What is a Credential Verifier?
A credential verifier is a service that validates digital credentials presented by users and extracts verified claims for your applications. The verifier acts as a bridge between user wallets and your existing identity infrastructure, enabling privacy-preserving authentication based on verifiable credentials.
The verifier:
- Requests specific credentials and claims from user wallets
- Validates cryptographic signatures and issuer trust
- Checks revocation status and credential expiration
- Extracts claims and maps them to standard OIDC tokens
- Integrates with existing IAM systems (Keycloak, Okta, etc.)
Core Concepts
Credential Presentation
A credential presentation is the process where a user shares verified claims from their wallet with a relying party. Unlike traditional authentication where users prove who they are, credential presentation proves specific attributes about the user.
Selective Disclosure
Selective disclosure allows users to share only the specific claims needed for a transaction, not the entire credential. This is a fundamental privacy feature of modern credential systems.

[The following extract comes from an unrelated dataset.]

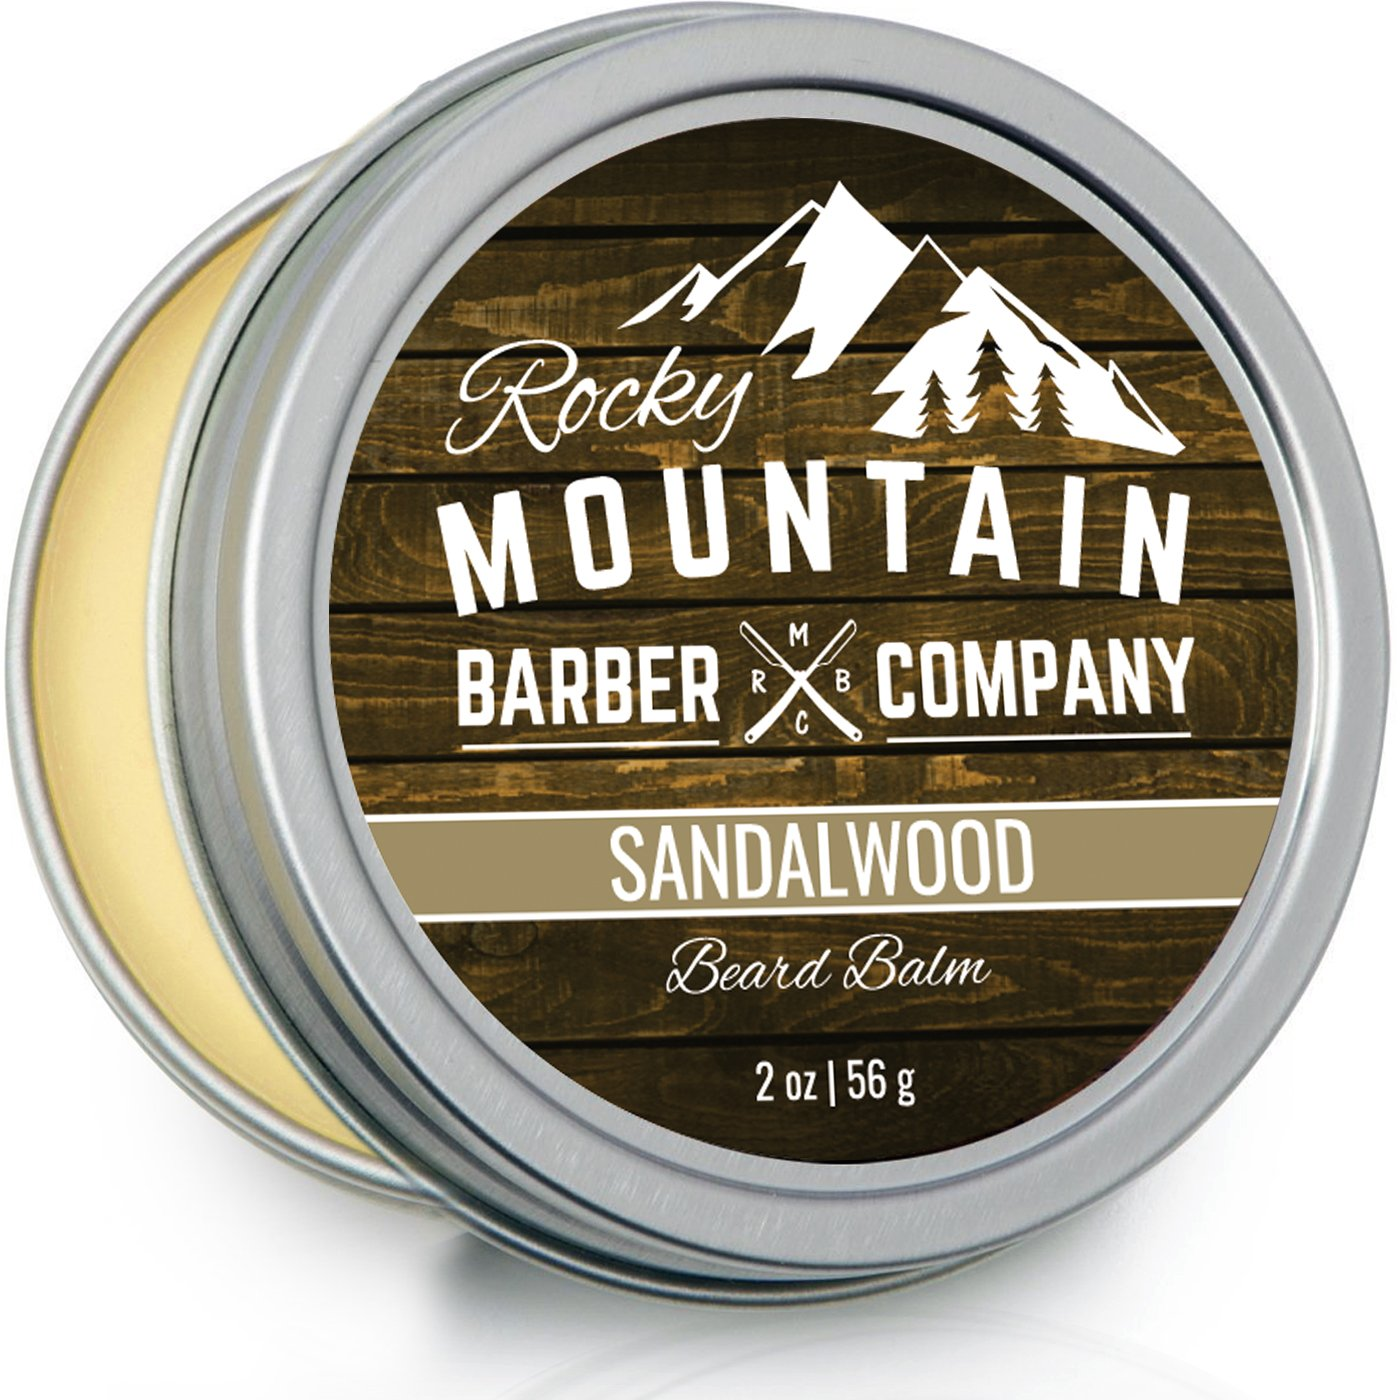 Rocky Mountain Barber Company's Sandalwood Beard Balm

| Scenario | Traditional Auth | Selective Disclosure |
|---|---|---|
| Age verification | Show full ID | Share only "over_18: true" |
| Name verification | Share full profile | Share only "given_name" |
| Nationality check | Share passport | Share only "nationality" |
Presentation Requests
A presentation request specifies what credentials and claims the verifier needs. It can be defined using:
- OIDC Scopes – Simple mapping (
openid profile pid) - DCQL Queries – Fine-grained control over credential types and claims
# DCQL Query Example
credentials:
- id: identity_credential
format: vc+sd-jwt
meta:
vct_values:
- urn:eudi:pid:arf-1.8:1
claims:
- path: ["given_name"]
- path: ["family_name"]
- path: ["birth_date"]
Trust Verification
The verifier doesn't blindly accept credentials—it validates them against a trust framework to ensure they come from authorized issuers.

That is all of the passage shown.